Van Creveld's solution? Get Israel out of the West Bank and Gaza, and build a wall to keep Palestinians out of Israel. That jibes with the thinking of Ariel Sharon's Labor Party coalition partners, who want to negotiate a political separation between Israel and a Palestinian state. But Sharon is caught between that option and the demands of his own political base for a military-political plan to destroy the Palestinian Authority.

Former prime minister Benjamin Netanyahu has made Sharon's failure to end the Palestinian uprising the centerpiece of his own campaign for a political comeback.
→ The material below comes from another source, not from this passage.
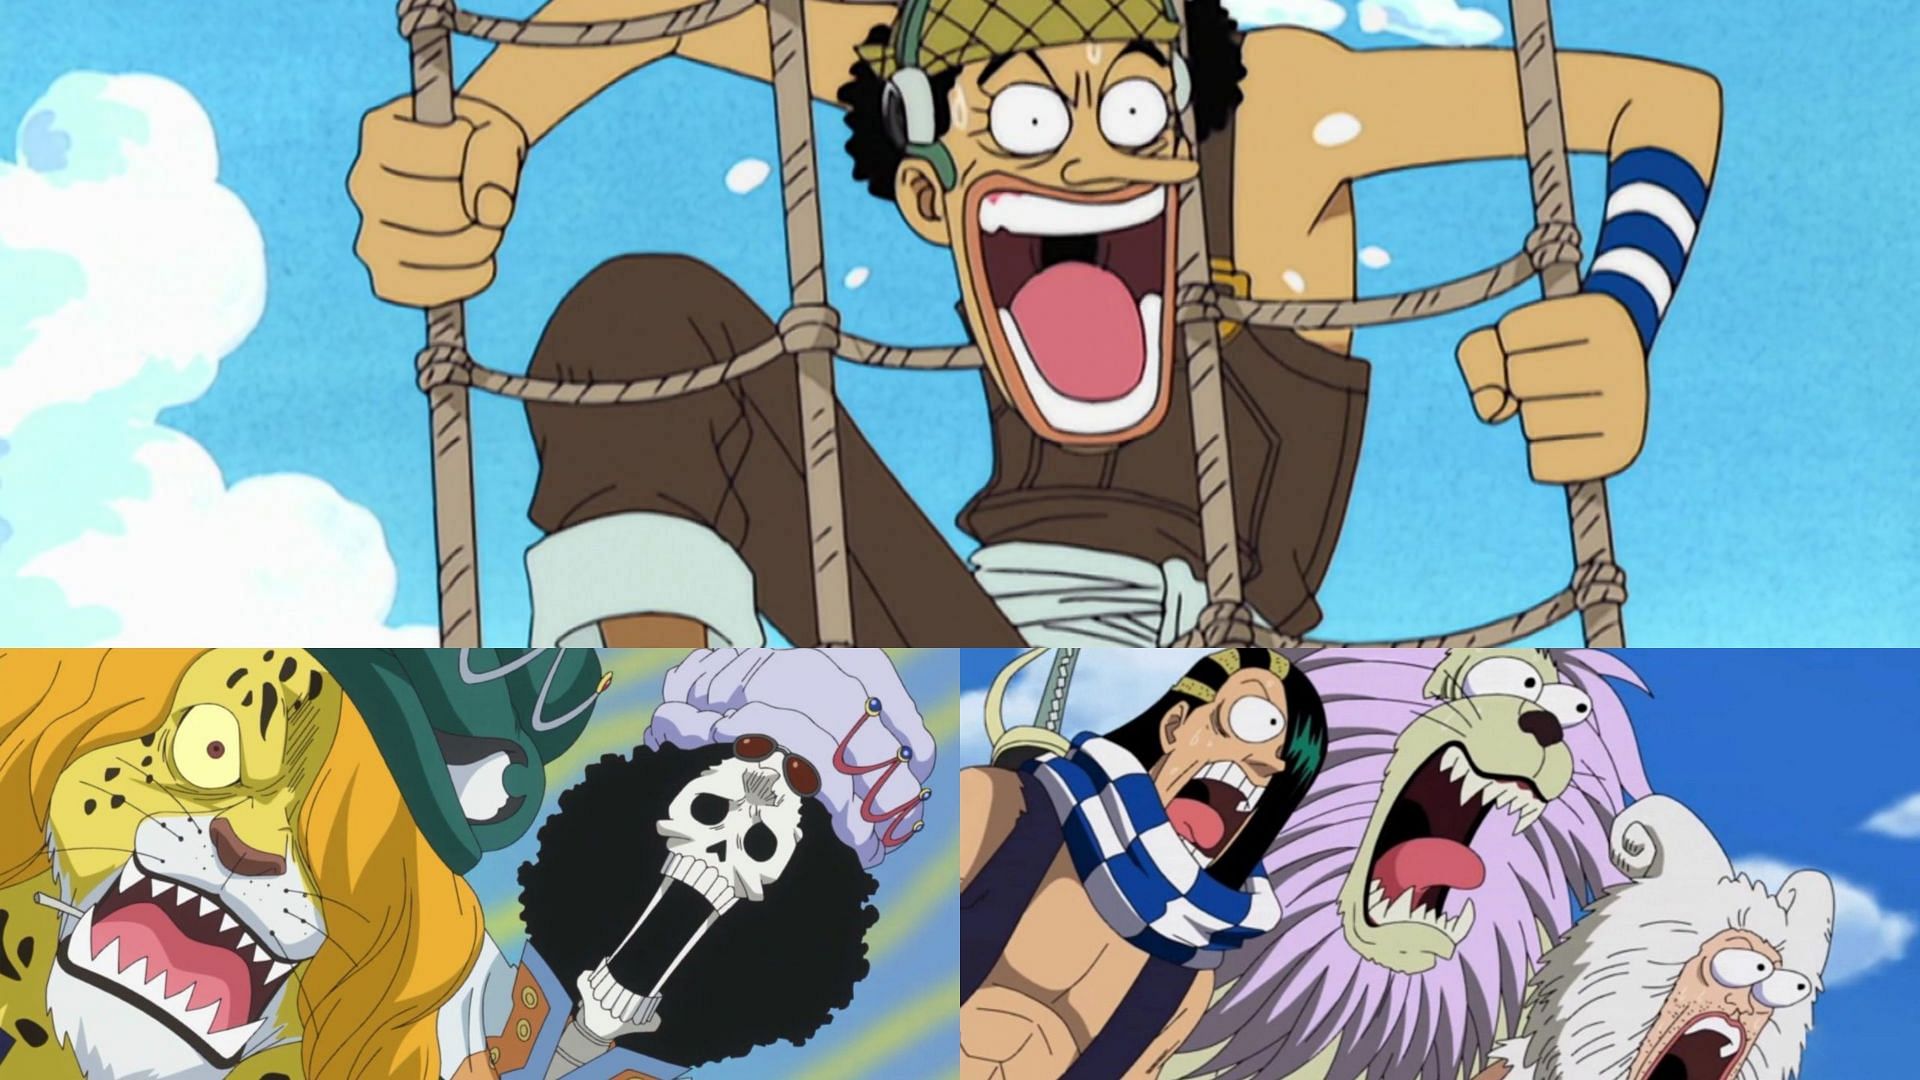 we're going to the grand line!” #anitok #onepiece #fypシ #viral #blowt, One  Piece

The alternative program he outlined to TIME this week is a far more extensive invasion of PA territory than the one Sharon launched two weeks ago. Its objective would be to drive Arafat back into exile — Netanyahu believes the Palestinian leader can't be trusted to stop terror attacks, let alone conclude a peace deal with Israel — and to take down and disarm not only the various militia and terrorist cells but also the security structures of the PA itself. Once the IDF has cleared all weapons out of the West Bank and Gaza, says Netanyahu, the Israeli forces could withdraw to unspecified "defensible positions" (certainly not the 1967 borders) and wait for the emergence of a Palestinian leadership ready to do a deal with Israel.

Pie-in-the-sky, say Sharon loyalists of Netanyahu's plan. But the problem for the prime minister is that right now his own approval ratings are at an all-time low, and Netanyahu can count on a majority of Likud Party members to make him, rather than Sharon, their candidate in any new election.

Not even a new cease-fire can buy Sharon much respite from Israel's basic dilemma over the West Bank and Gaza. If a truce is concluded, it's simply Step 1 on the path prescribed by the Mitchell and Tenet plans back to negotiating a two-state solution with Arafat. And if it fails, it simply plunges Israelis — and Palestinians — ever deeper into the horrors of a present that cannot hold.